• Assignment:
Print exactly the lines of the listing below from the one containing "Han elegido una" through the final line, both included, and no pictures.

• Stored data:
--- START ---

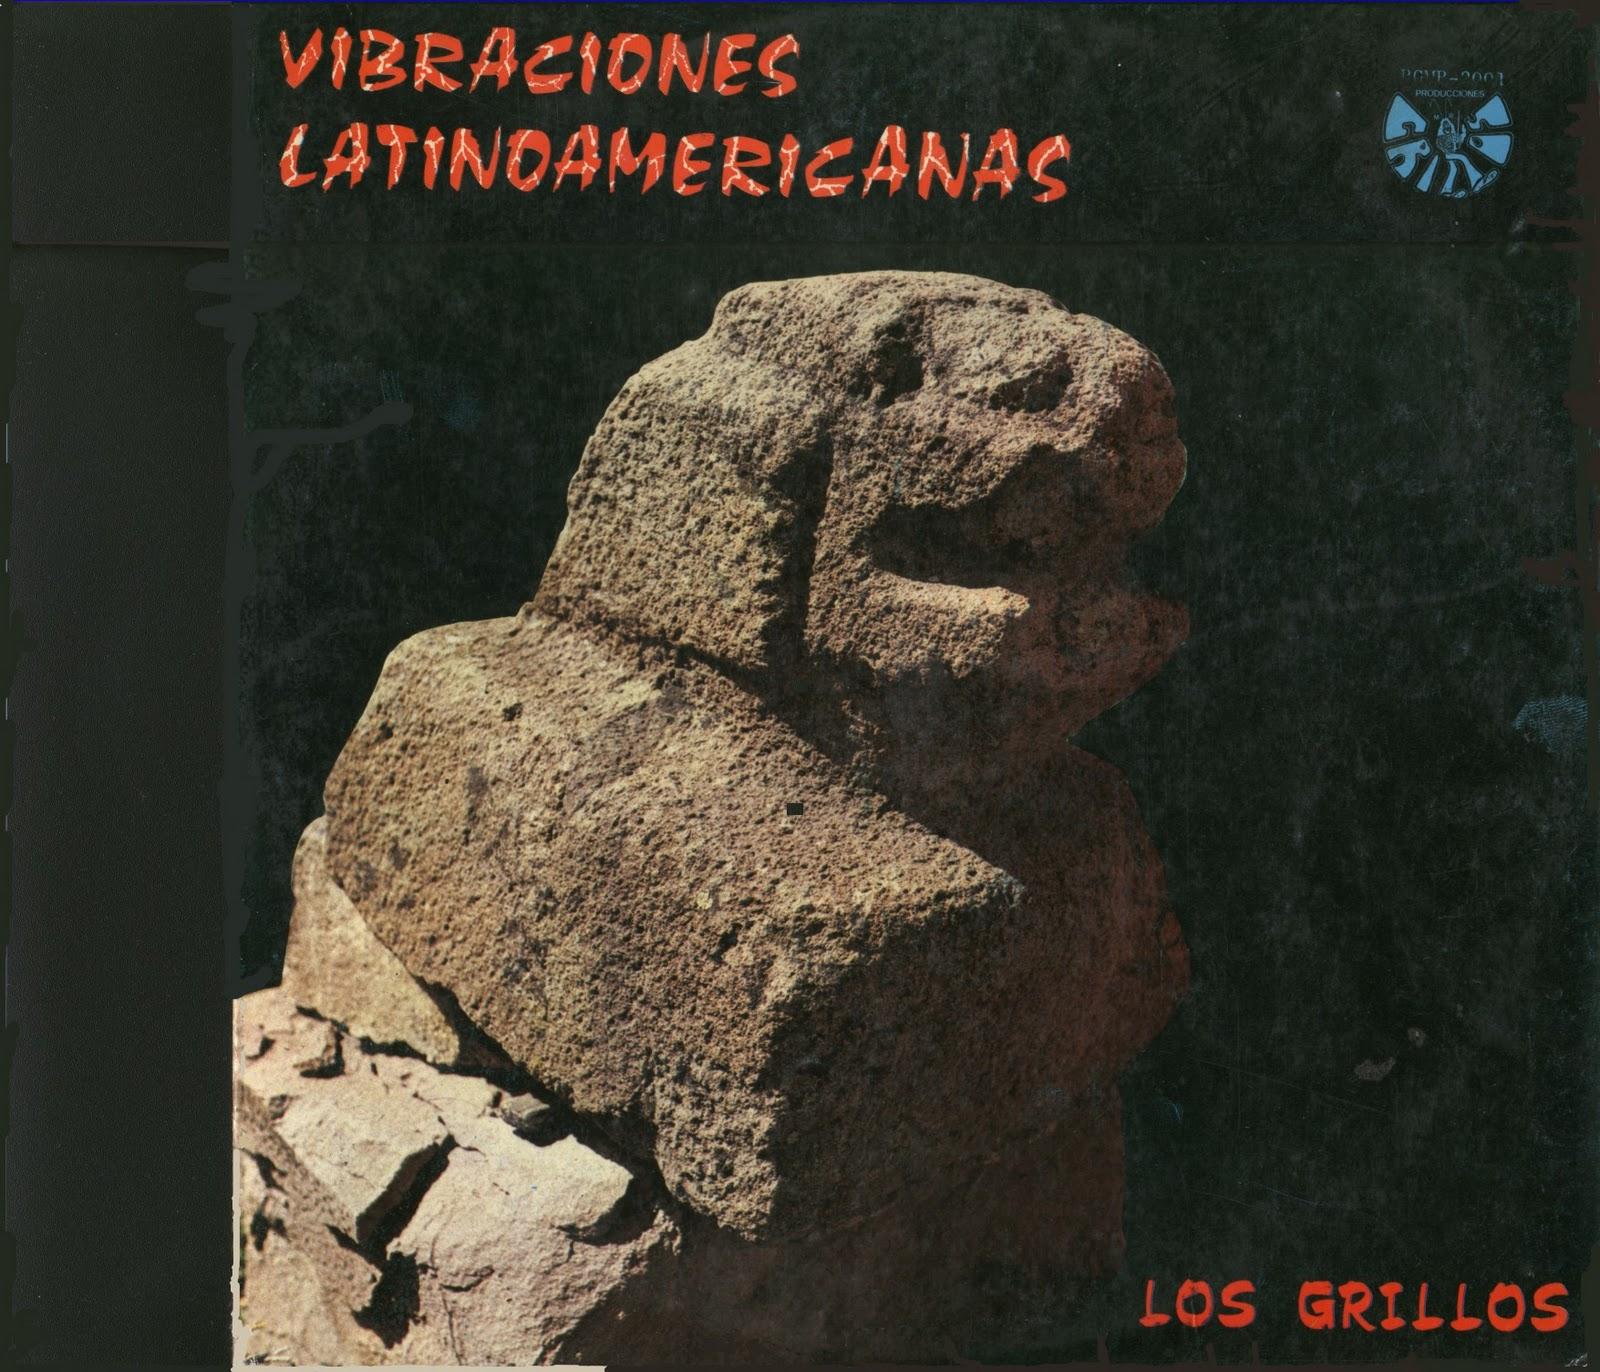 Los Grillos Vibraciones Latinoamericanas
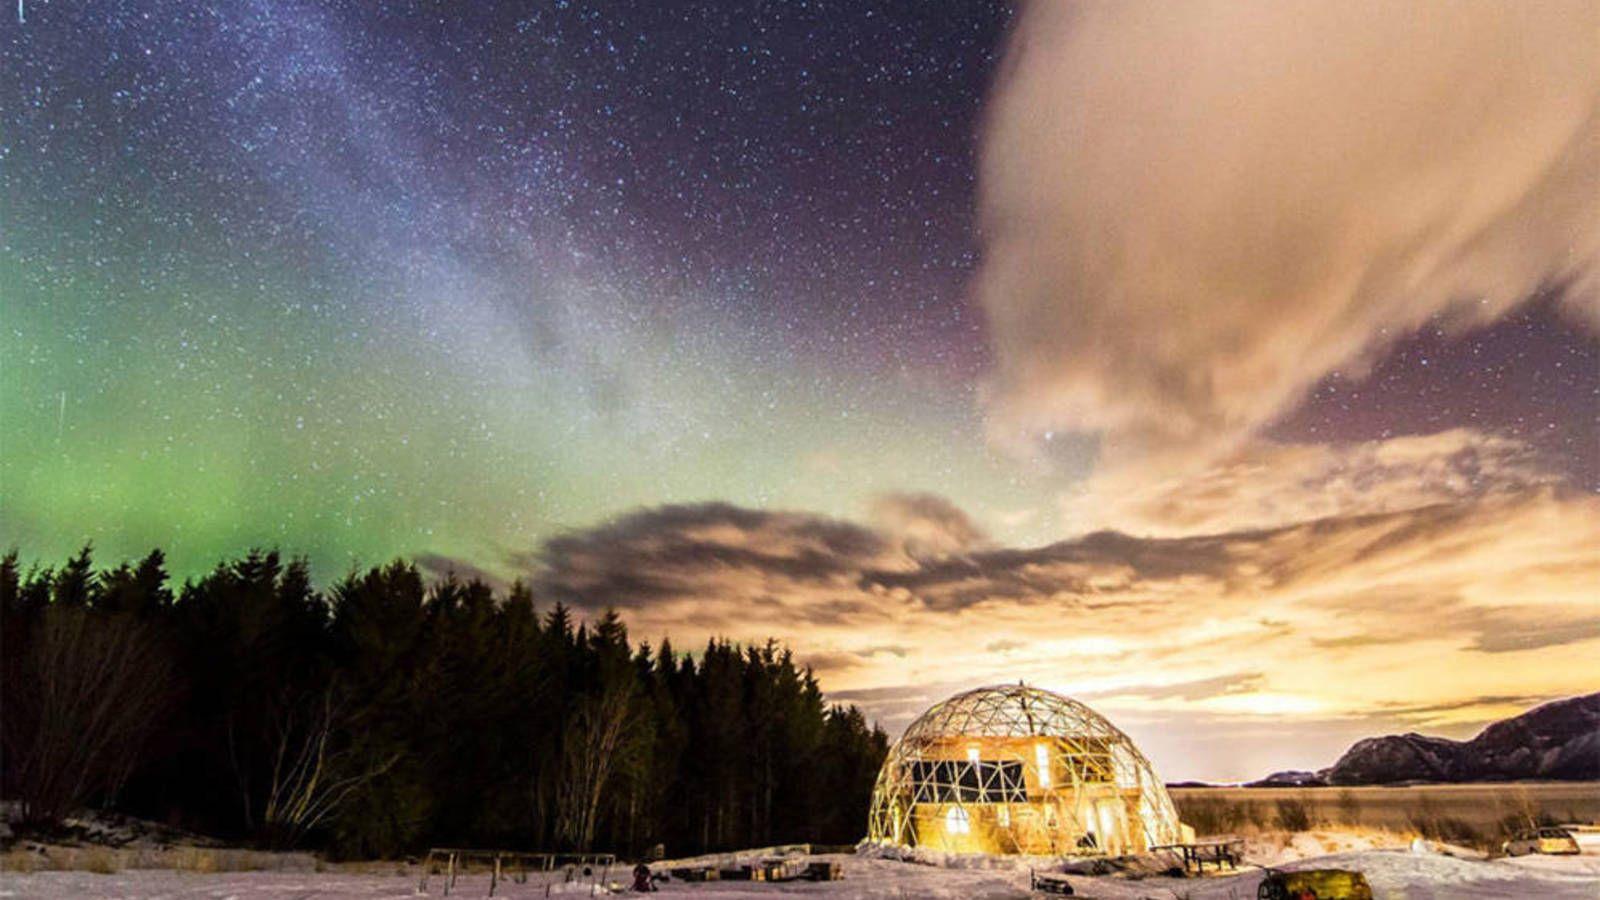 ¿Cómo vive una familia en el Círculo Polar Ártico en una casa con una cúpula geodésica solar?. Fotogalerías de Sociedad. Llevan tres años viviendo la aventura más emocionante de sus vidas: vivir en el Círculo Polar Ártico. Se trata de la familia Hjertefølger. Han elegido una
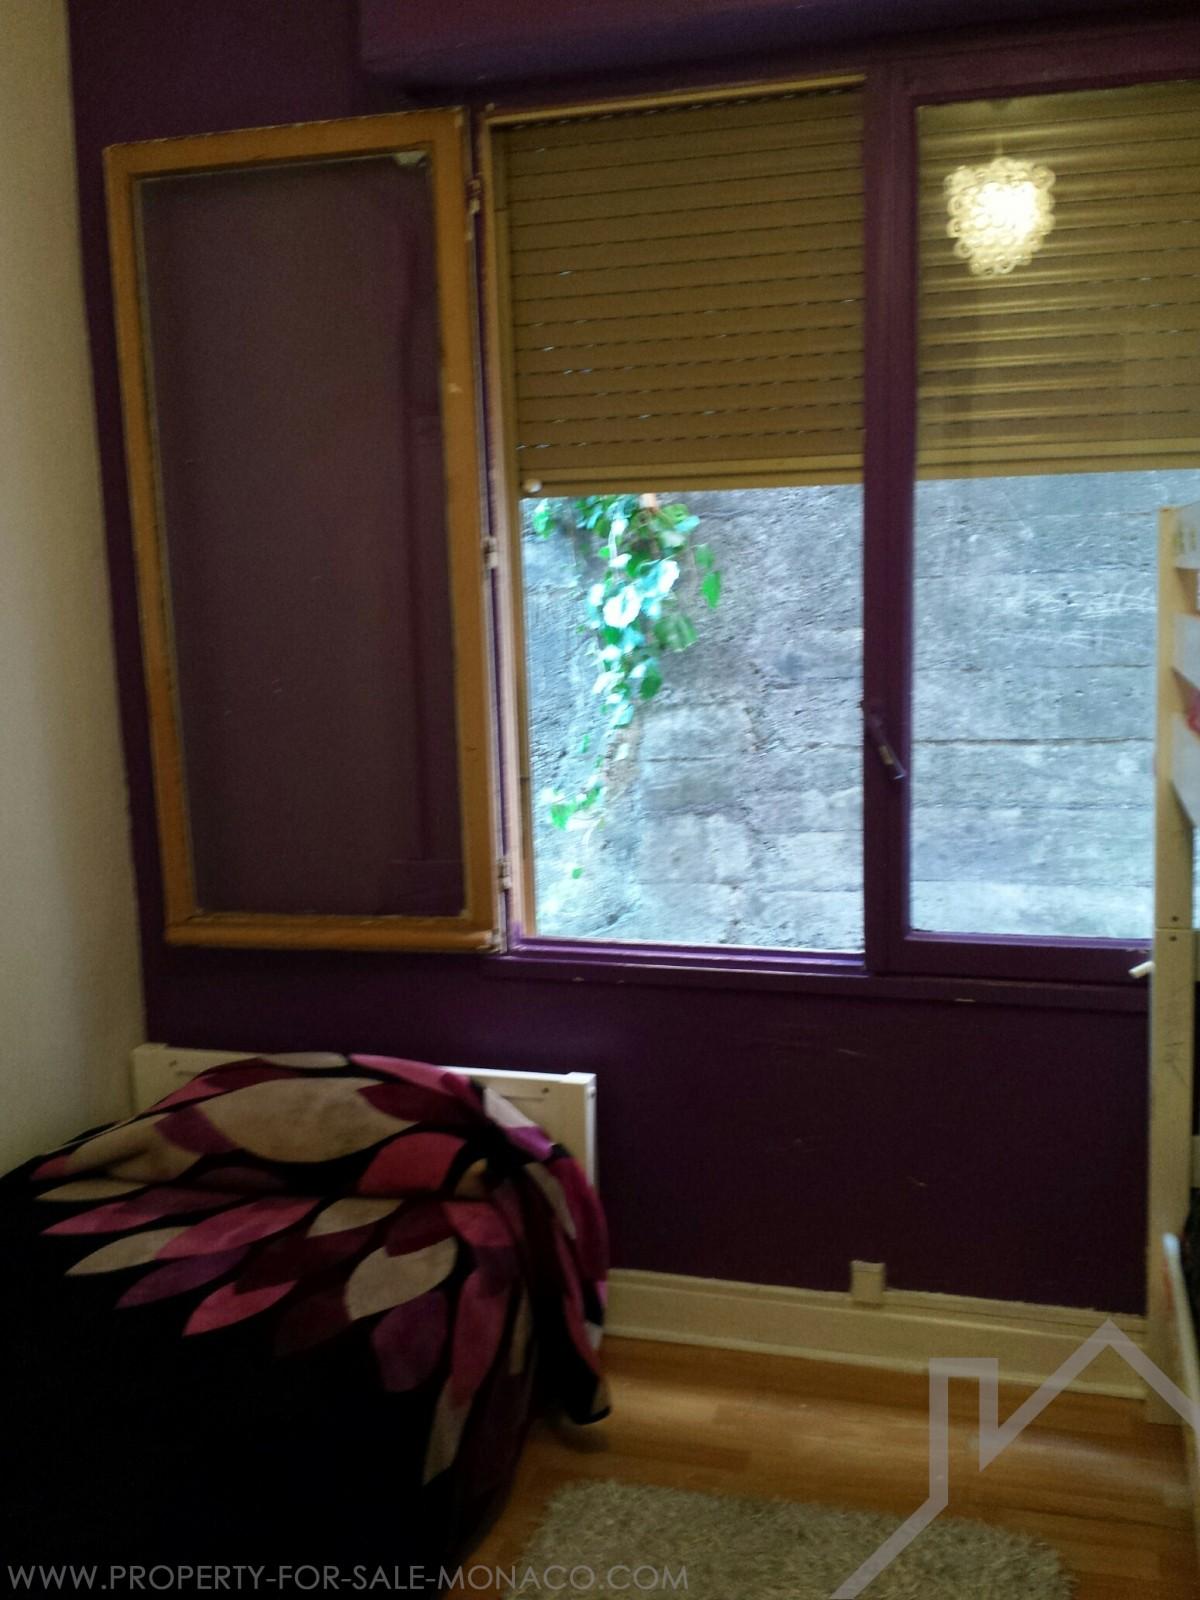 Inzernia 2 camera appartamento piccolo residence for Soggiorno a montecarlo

--- END ---

• Response for this exercise:
 ¿Cómo vive una familia en el Círculo Polar Ártico en una casa con una cúpula geodésica solar?. Fotogalerías de Sociedad. Llevan tres años viviendo la aventura más emocionante de sus vidas: vivir en el Círculo Polar Ártico. Se trata de la familia Hjertefølger. Han elegido una
 Inzernia 2 camera appartamento piccolo residence for Soggiorno a montecarlo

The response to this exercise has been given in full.